Personal information
- Born: 11 October 1979 (age 46) Matanzas, Cuba
- Weight: 56 kg (123 lb)

Sport
- Country: Cuba
- Sport: Weightlifting
- Event: 56 kg

Medal record
Men's weightlifting
Representing Cuba
World Championships
| Silver medal – second place | 2006 Santo Domingo | – 56 kg |
| Bronze medal – third place | 2009 Goyang | – 56 kg |
Pan American Games
| Gold medal – first place | 1999 Winnipeg | – 56 kg |
| Gold medal – first place | 2007 Rio de Janeiro | – 56 kg |
| Gold medal – first place | 2011 Guadalajara | – 56 kg |
Pan American Championships
| Gold medal – first place | 2010 Guatemala City | – 56 kg |
Central American and Caribbean Games
| Gold medal – first place | 2006 Cartagena | – 56 kg |

= Sergio Álvarez (weightlifter) =

Cuban weightlifter (born 1979)

Sergio Álvarez Boulet (born 11 October 1979) is a Cuban weightlifter.
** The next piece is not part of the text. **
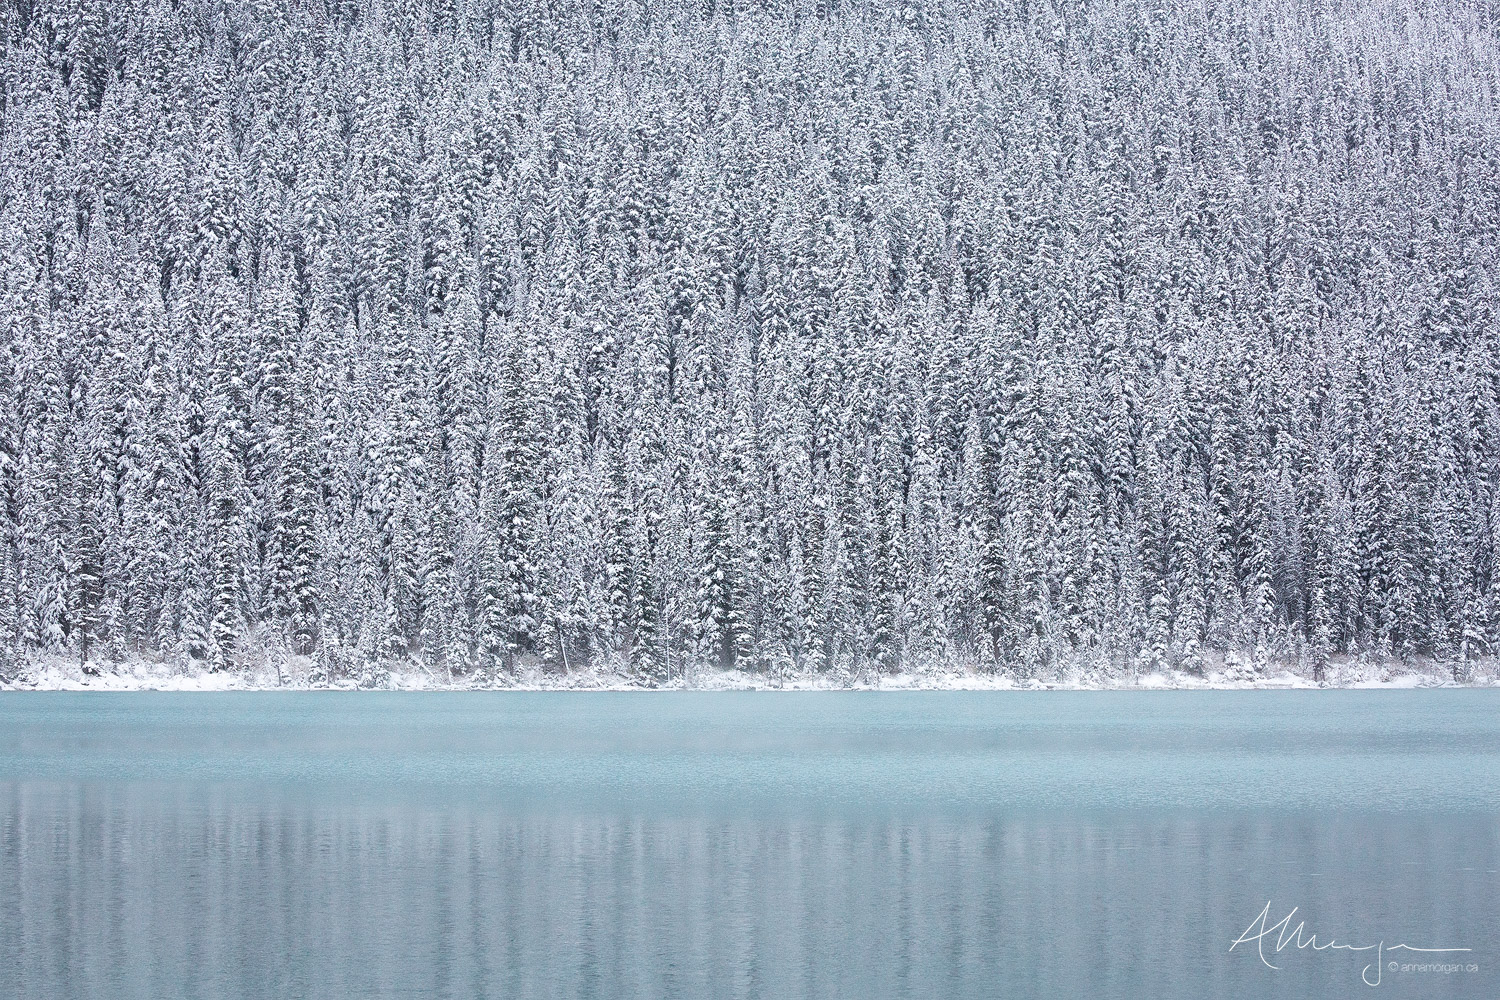 Winter snow-laden trees are reflected in the quiet waters of Lake Louise, Alberta.

He represented Cuba at the 2000 Summer Olympics, ranking 5th.

He participated in the men's -56 kg class at the 2006 World Weightlifting Championships and won the silver medal, finishing behind Li Zheng. He snatched 123 kg and clean and jerked an additional 156 kg for a total of 279 kg, only 1 kg behind winner Li.

He twice won the gold medal at the Pan American Games in the 56 kg category.

At the 2008 Summer Olympics he ranked 6th in the 56 kg category, with a total of 272 kg.